Not too mention it probably would not work. I hava a 6", yea, deeper than yours, and ick returned. Not even worth chancing. The time is even harder than the money for another tank. Go through a "8" week fallow period MIN and just get her over with.
 
Thanks. I was going to just go to .012 because of the pipefish. I've read that's appropriate for seahorses and figured that would translate to pipes. If that's not low enough, then it doesn't make much sense.

I have another tank. I was really a matter of ease and that I have an ocellated dragonet that sleeps in the sand so I wanted so in there.

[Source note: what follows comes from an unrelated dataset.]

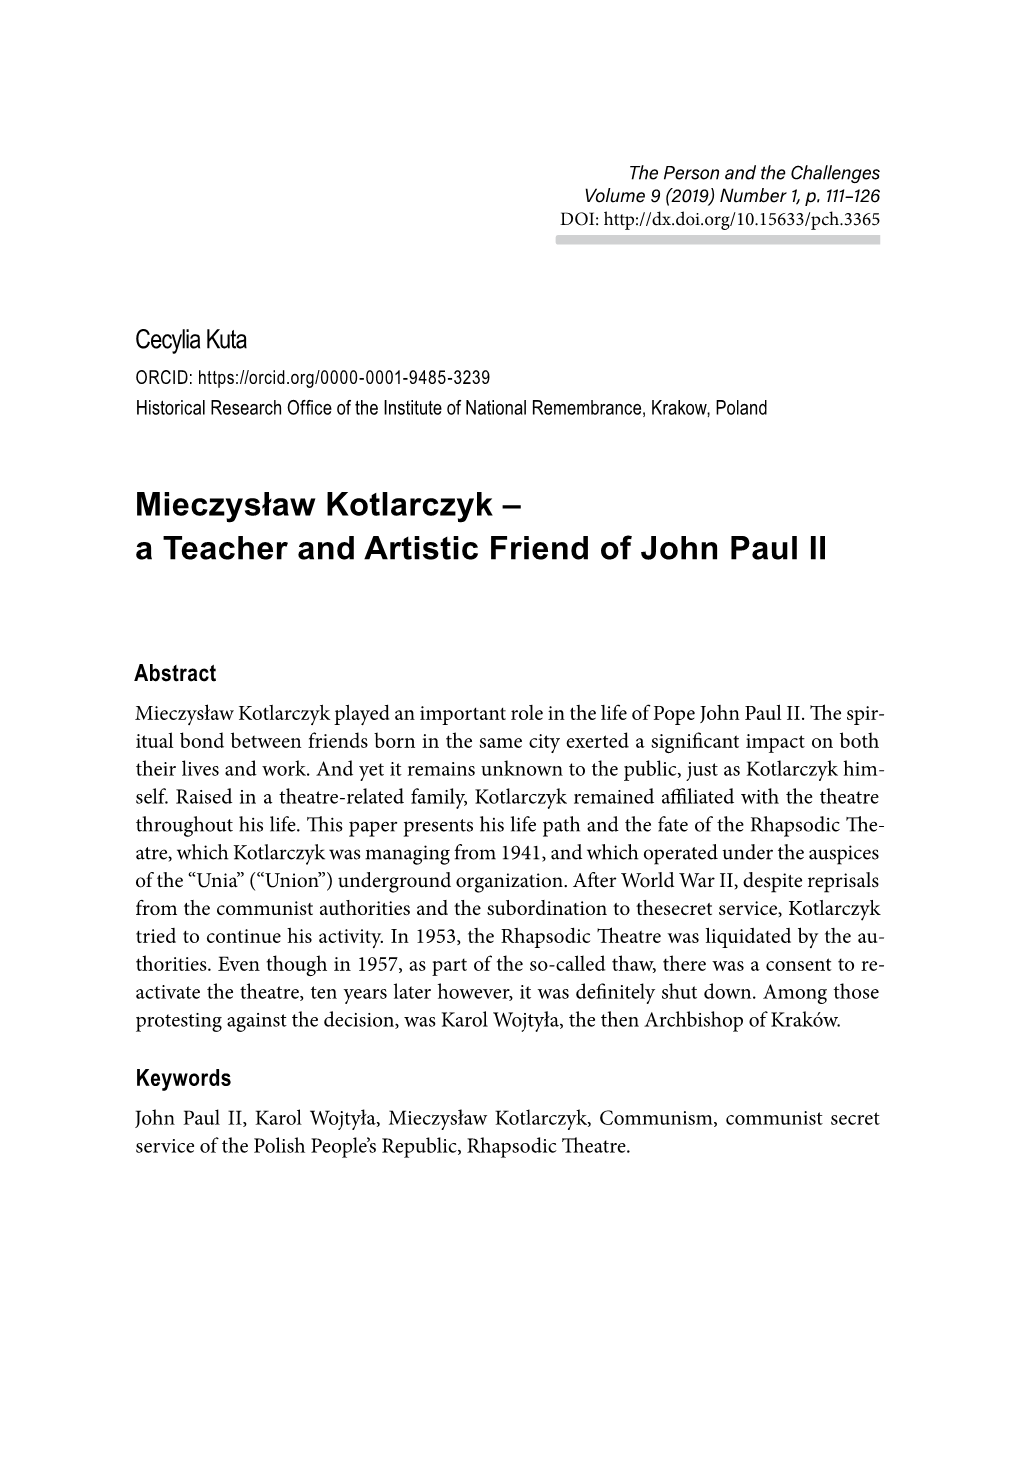 Mieczysław Kotlarczyk – a Teacher and Artistic Friend of John Paul II
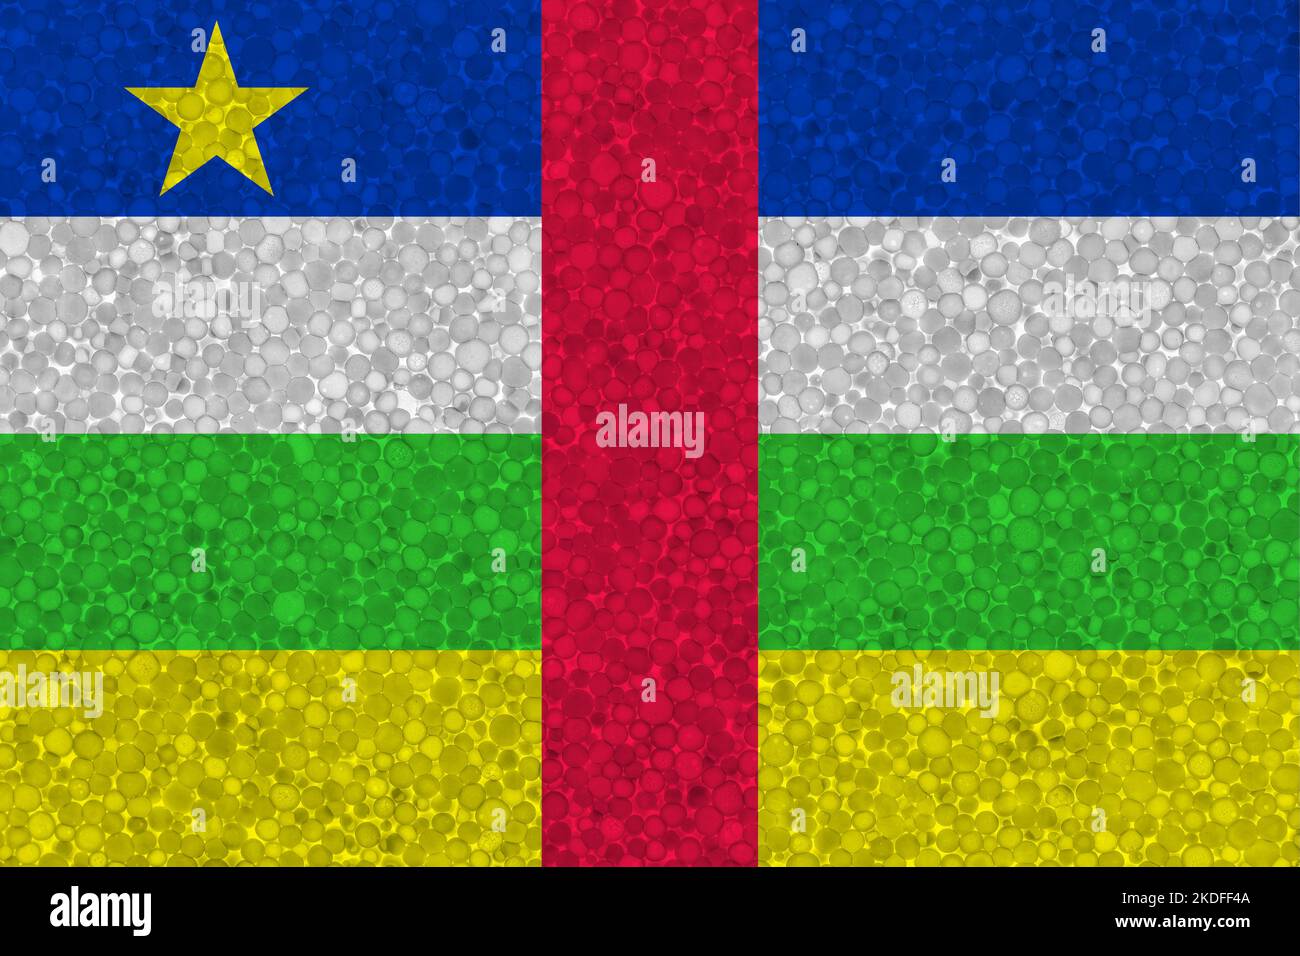 Drapeau de la République centrafricaine sur la texture de la styromousse. Drapeau national peint sur la surface de la mousse plastique Banque D'Images

I'll just take everyone out, take the sand out, put everyone back in and put a bowl of new sand in there that hopefully the dragonet will use.

Thanks.
 
If it's an established DSB, you don't want to move it, unless you plan on scrapping it and starting over. Mixing the sediment layers will cause the bed to colapse, leaving you with about the same as we discussed above. I say just use fresh sand for the dragonette to sleep in while in the quarantine tank, and leave the sand in the main system where it is.

DJ
 
Amen! Take the fish out of the main tank, redo your aquascaping and then let her go for 8 weeks. Do NOT add any corals, inverts or anything. On second thought, heck, go get a few additions of shrimp or an anemone now. Then let the tank stay fallow with everything you have now but the fish. Your main tank will then be free of ick after 8 weeks and you will have some new additions to keep you from being bored with an empty tank during that time. Arange it like you want it so, when you start that ticker, you will not be like "man, I want that zoa but now I have to wait 8 weeks before i can put it in", lol. Been there, done that!